Deploying the same image as an ordinary pod works fine with the same ServiceAccount.
What version of Knative?
0.20.0
Expected Behavior
Creating a Ksvc should work even if some of the image pull secrets don't exist, if they are not actually needed to pull the image.
Actual Behavior
A Revision fails.
Steps to Reproduce the Problem
Modify the default SA in a namespace to include a non-existing imagePullSecret:
apiVersion: v1
kind: ServiceAccount
metadata:
name: default
namespace: default
secrets:
- name: default-token-6trqg
imagePullSecrets:
- name: non-existing-pull-secret
Create a Ksvc:
apiVersion: serving.knative.dev/v1
kind: Service
metadata:
name: helloworld-go
spec:
template:
spec:
containers:
- image: gcr.io/knative-samples/helloworld-go
Notice the ksvc revision fails:
Revision "helloworld-go-00001" failed with message: Unable to fetch image "gcr.io/knative-samples/helloworld-go": failed to resolve image to digest: failed to initialize authentication: secrets "non-existing-pull-secret" not found.
Such behaviour seems inconsistent with how k8s works, as the same image with the same ServiceAccount works fine as an ordinary Pod:
apiVersion: v1
kind: Pod
metadata:
name: hello
spec:
containers:
- image: gcr.io/knative-samples/helloworld-go
name: hello
/area API
Such behaviour seems inconsistent with how k8s works, as the same image with the same ServiceAccount works fine as an ordinary Pod:
I'm sort of in-different to this statement. Although we differ with K8s, their behaviour may not be intentional/defined. You could argue Knative's fail-fast helps more than in hinders.
Hmm, I tend to agree with @dprotaso here. Things might go breaking in unexpected ways using this I think, as some images will work and some won't :thinking:. Not a strong opinion either though.
Would it make sense to handle "missing imagePullSecret" as equivalent to "imagePullSecret not specified"?
/kind enhancement /good-first-issue /triage needs-user-input
@evankanderson: This request has been marked as suitable for new contributors.
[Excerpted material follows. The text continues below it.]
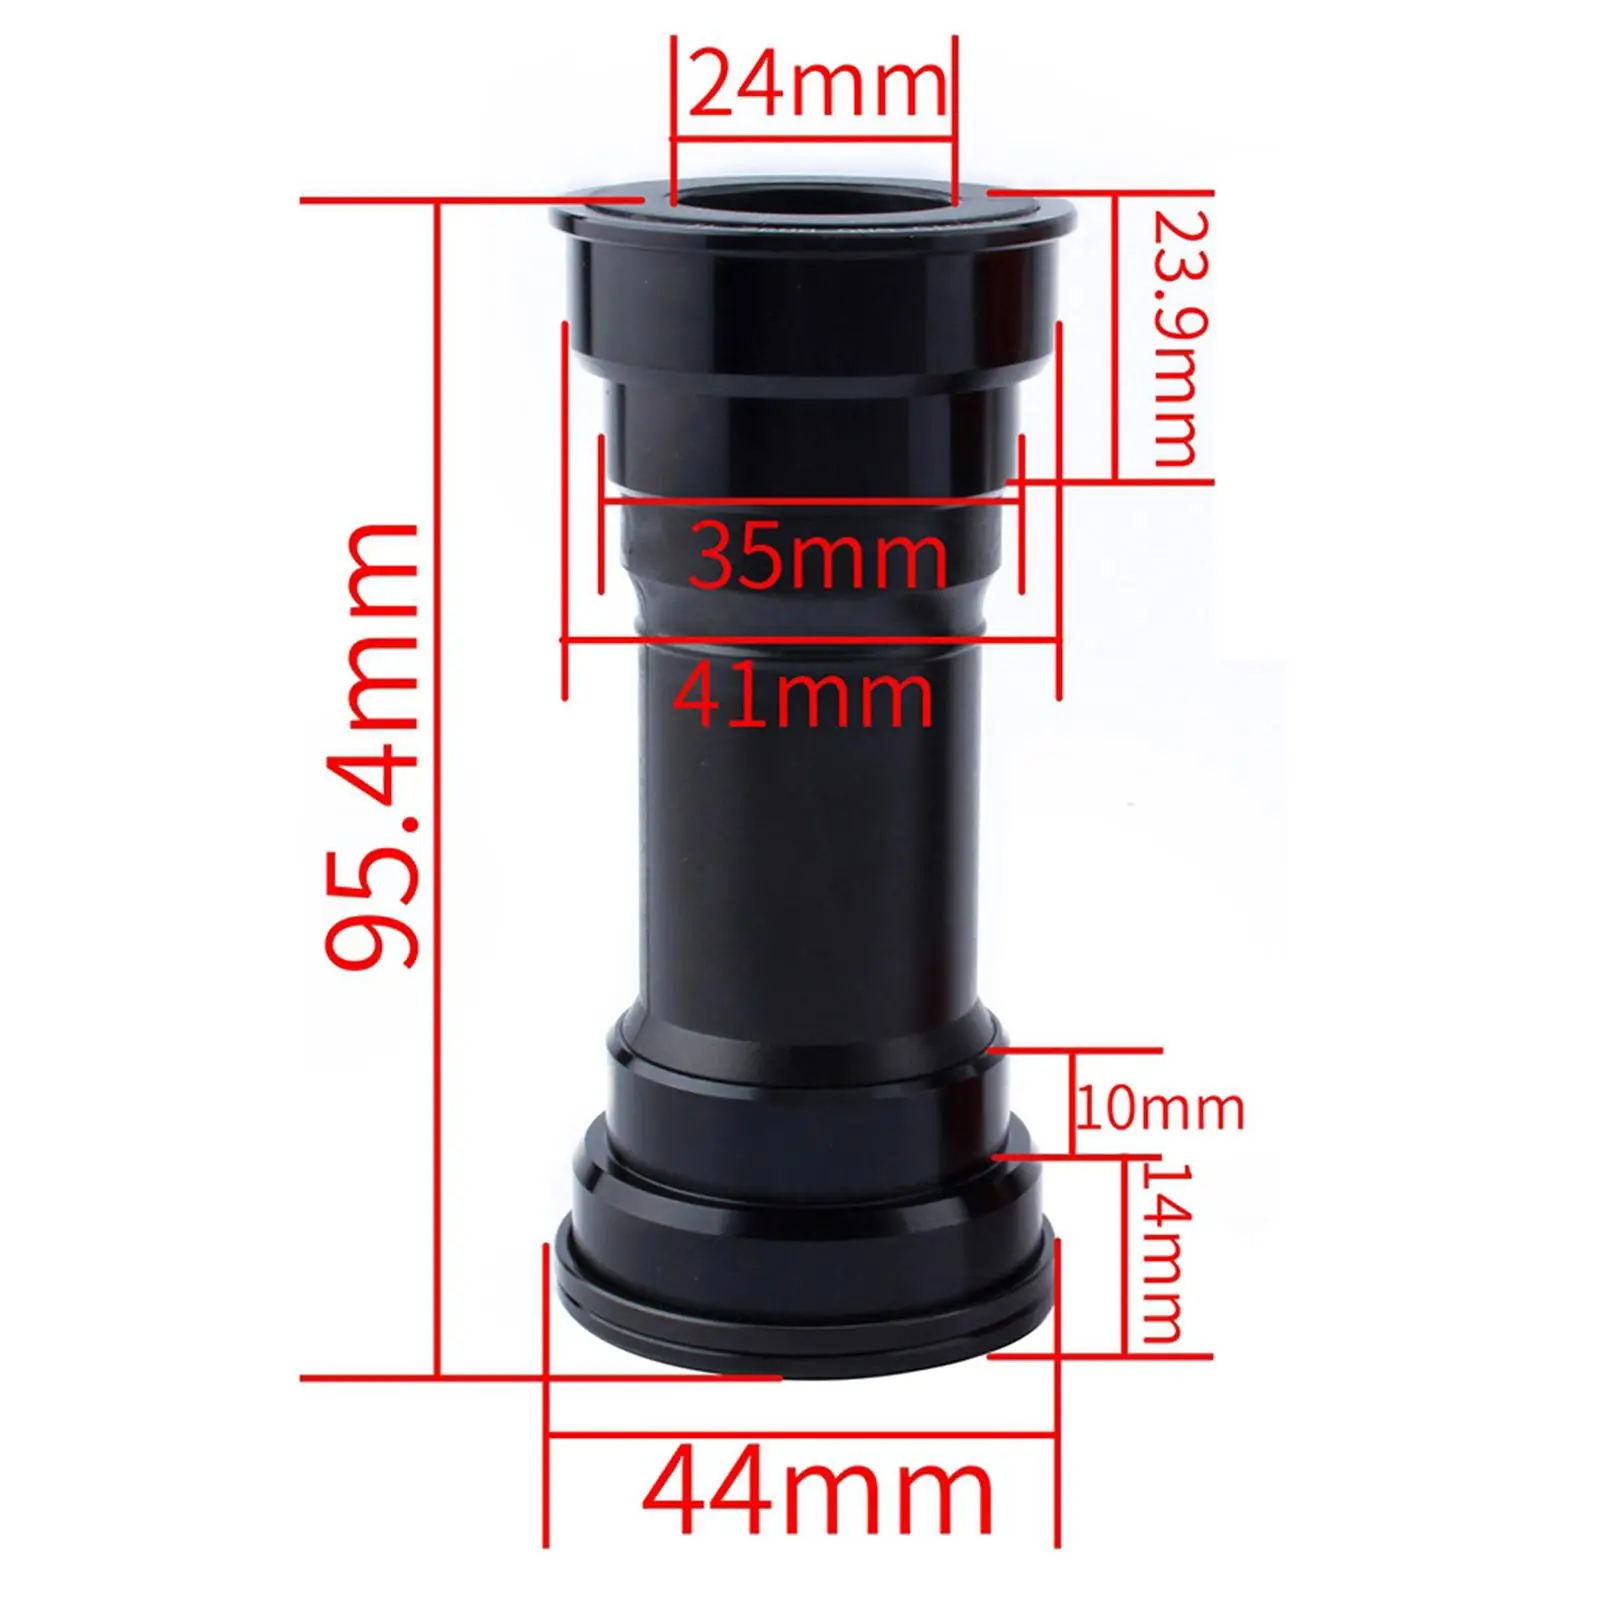 Bottom Bracket BB90-92mm High Strength for Fixed Gear Carbon Fiber Bicycle

Please ensure the request meets the requirements listed here.
If this request no longer meets these requirements, the label can be removed
by commenting with the /remove-good-first-issue command.
In response to this:
Would it make sense to handle "missing
imagePullSecret" as equivalent to "imagePullSecretnot specified"?/kind enhancement /good-first-issue /triage needs-user-input
Instructions for interacting with me using PR comments are available here. If you have questions or suggestions related to my behavior, please file an issue against the kubernetes/test-infra repository.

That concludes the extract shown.